Cовсем немного тебе осталось.
По твоим серо-синим скулам скачет взад-вперед лунный зайчик. Мышцы теперь всегда судорожно напряжены, и их волнообразная вибрация ритмично зазывает за воротник, к черным точкам на выбеленной полнолунием мятой салфетке с завернутыми на ухе краями… Я глажу его морозными пальцами по инею, я больше ничего не могу поделать. Ничего – с тем, как распорядилась твоя слишком быстро и совсем без музыки закрывающаяся на глазах жизнь. А ведь казалось, мы с тобой вкололи её так, что на реки разорвались вены, вдохнули до тлена лёгких, и голове уже незачем кружиться, доверились малолетними ломающимися проститутками первому встречному, и теперь остается только обиженно хныкать на проплеванной насквозь темной лестничной клетке…
Мы слишком понадеялись на «белый билет», забыв про неизбежный конец всякой начавшейся череды увечий.
И вот уже по капающей сквозь трещину стекла воде в комнату вползают кванты света и холод, еще больше кусающий, так, что пар, извергаемый моей прожженной глоткой, твердеет и падает сразу за твоим содрогающимся лицом. Падает и снова рассыпается на молекулы углекислоты, азота, примесей тяжелых металлов, горючих и крайне летучих соединений, остатков уже чрезвычайно чужой и напрасной веры… Очень холодные осколки светлого будущего я непроизвольно вырываю на нас обоих.
Быть может, их догадается склеить для себя кто-нибудь, кто, как давным-давно я, очень любит клеить льдинки…

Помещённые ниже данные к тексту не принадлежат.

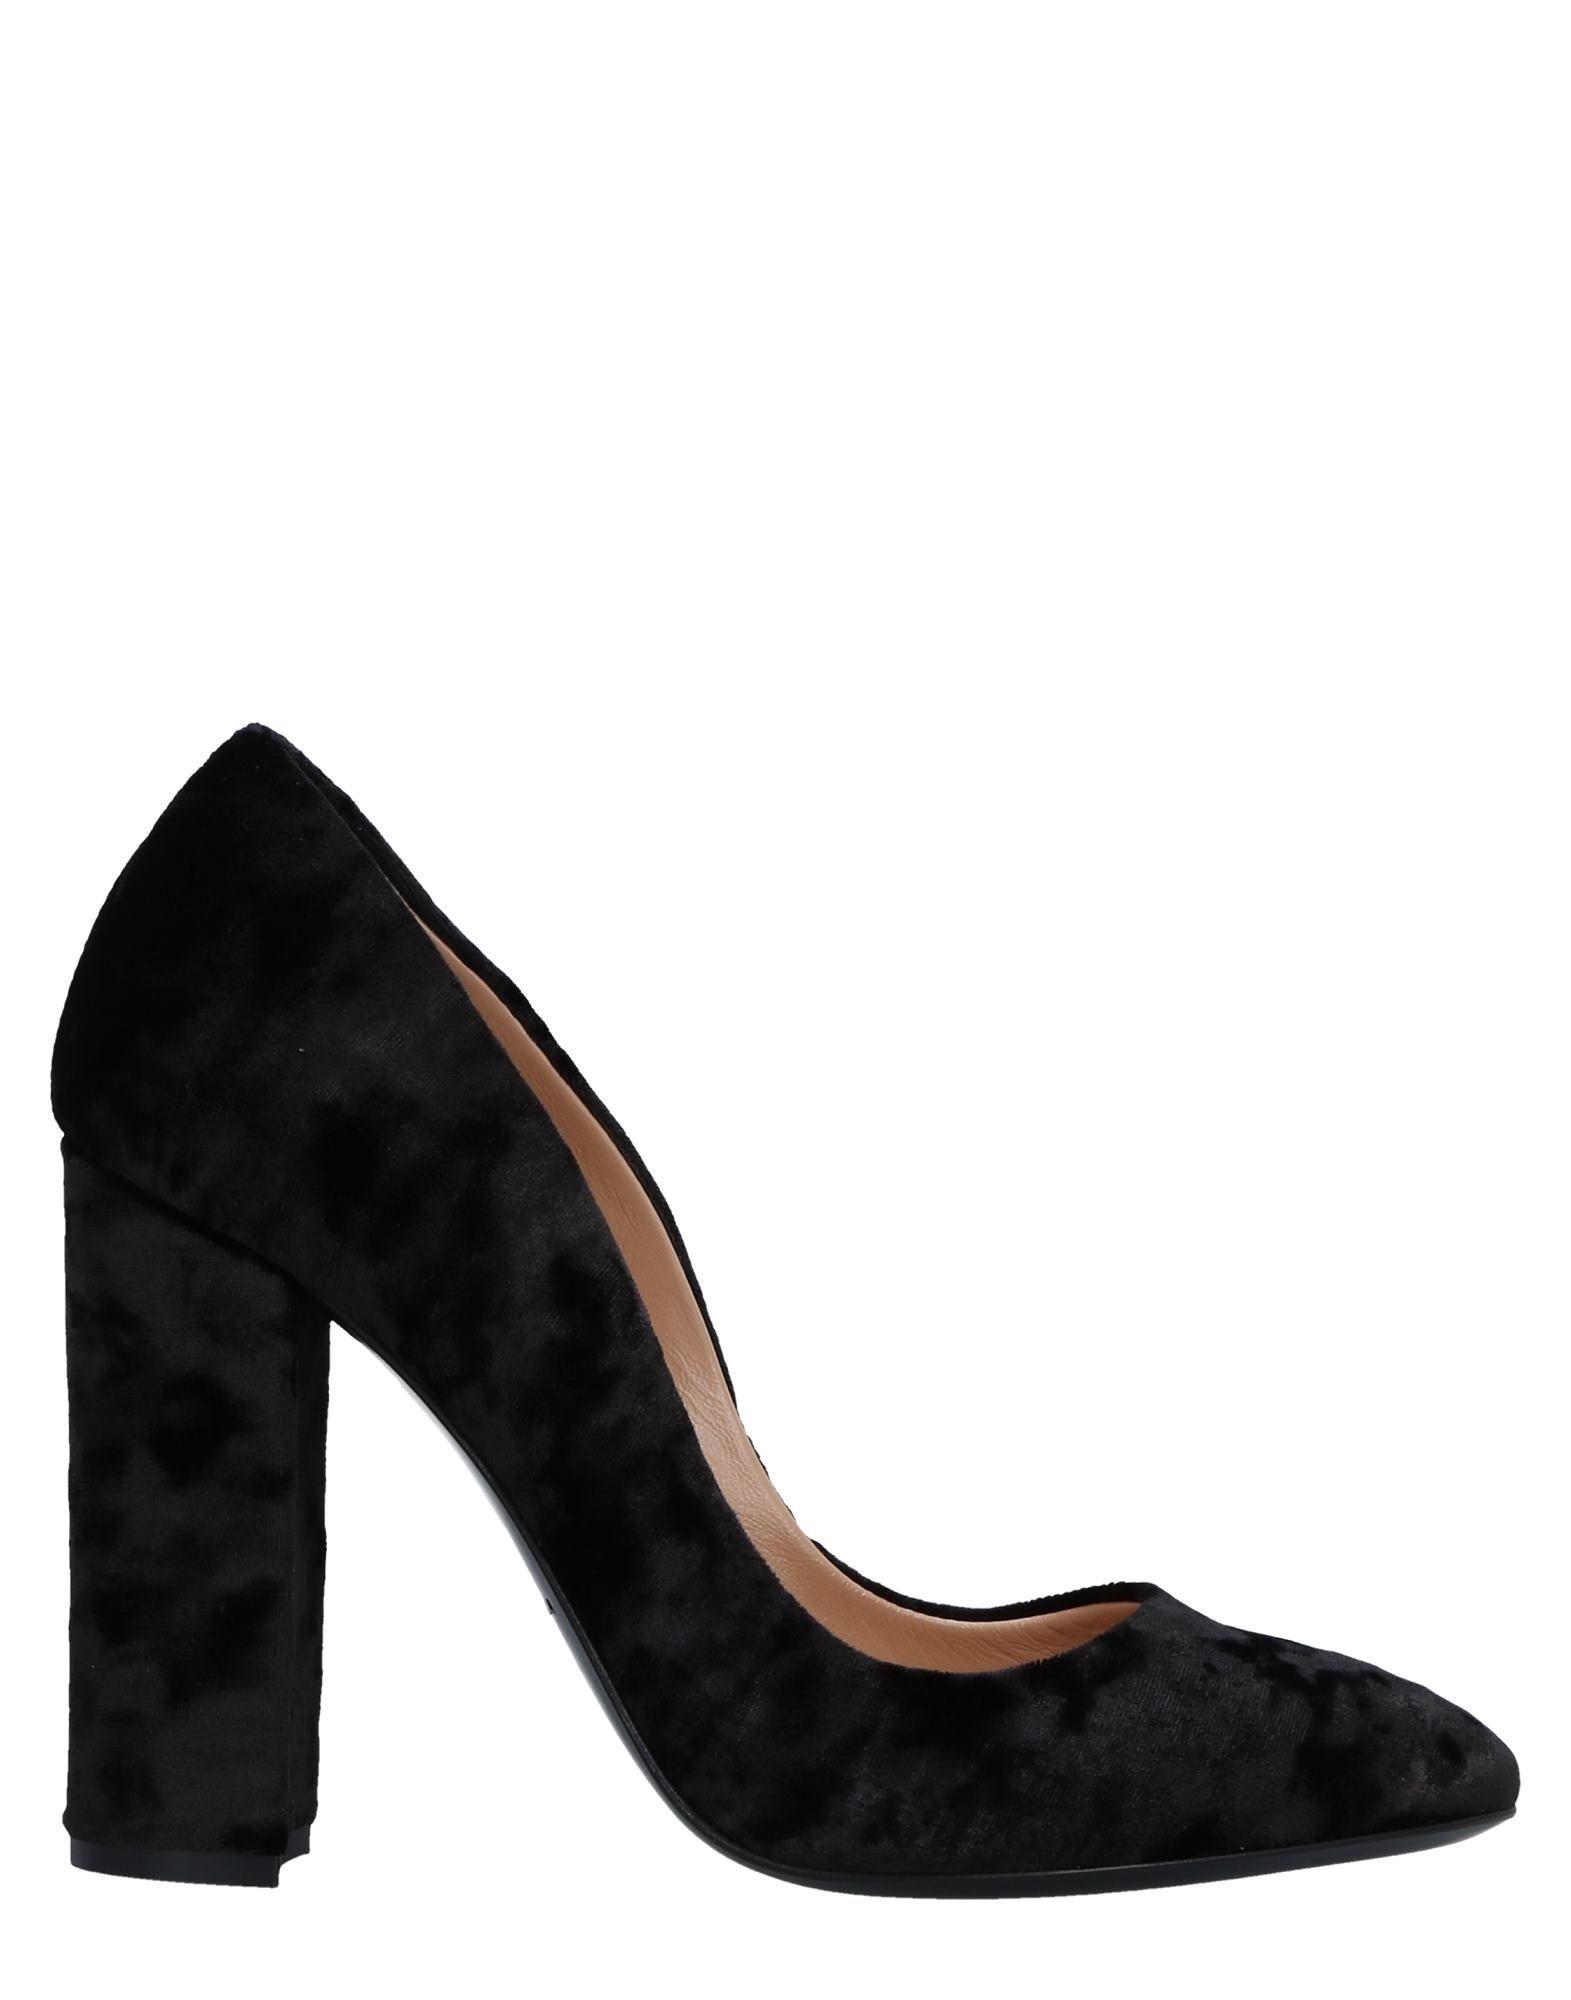 Stilvolle Pumps billige Schuhe Marco Barbabella Pumps Stilvolle Damen  11515954KV 41396c

Быть может, на соседнем сидении с нахватавшимися язв нами сидит в потоках недоумений кто-то с голубыми глазами и не может отвлечься от сочных соцветий в маленькой щели утеплителя, что приоткрывает более яркую, интересную реальность прямо в двери этого адского троллейбуса... Может быть, он оглядывается по сторонам, в многие грани пуза интегрального многоголового монохромного пассажира и не может найти хотя бы положительного взгляда. Может быть, на финишной прямой маршрута он вдруг завопит недоуменным взглядам пенсионеров, цыканью намазанным суррогатом губам, не к месту легшим морщинам, запотевшим очкам, может, бессмысленно потребует помощи, спиной упрется в залапанный поручень и ринется открывать дверь прямо на ходу!.. Пока, наконец, не остановится гудящий монстр, и его хмурый водитель с матом не выскочит из кабины «решать проблему»… Может, открытые створки, впустившие в выцвевший салон целую армию секундных радуг, неведомой силой выбросят радикала, навечно сомкнутся и тронутся вперед… И, может, проехав еще сотню положенных метров, троллейбус вздымется на дыбы, выгнется, оттолкнется ожившим задним мостом от асфальта и взмоет за облака, протаранив седое небо квадратом черной дырки и неряшливо расставленными рогами…
…Тебе осталось совсем немного, я чувствую. Прости, вдруг на секунду замечтался, увидев, как я вышел тогда к радугам и палитрам миллиардов цветов, широченными ноздрями втянув ртутное сияние каждой пылинки в воздухе, а теперь слезы катятся перчеными комьями.
Оттого, что вдруг почувствовал близко-близко созвучие сотни дыханий и их все больше замедляющийся ритм. Что как бы ни старалось сердце, вот тому, что подпер собой угол, тоже светит совсем немного, а вот тот, который под батареей, уже остыл и молча охлаждает её… Что все они, сверкавшие, как черви в клубке разлеглись вокруг нас и понемногу доходят, даже не принимая в этом участия, а те, кто под нами, вертящиеся в агонических спазмах, и вовсе отмеряют последние секунды…
Что вот они какие, манившие цвета, наяву… Всё равно сошлись к черному с белым, узкому складу выпущенных заведомо испорченными полуфабрикатов, которые не понадобились, как еда и уже не пригодятся, как сырье. Где меня, как жерновами, затягивает телами на самое дно кучи, и лишь ладони, вытянувшись, силятся уловить тепло твоего тела, которое давно даже из фантазий стерлось…
А ты остаешься наверху, божественно оконтуренной тусклым светом, божественно недвижимой, витающей… И умирающей тоже божественно.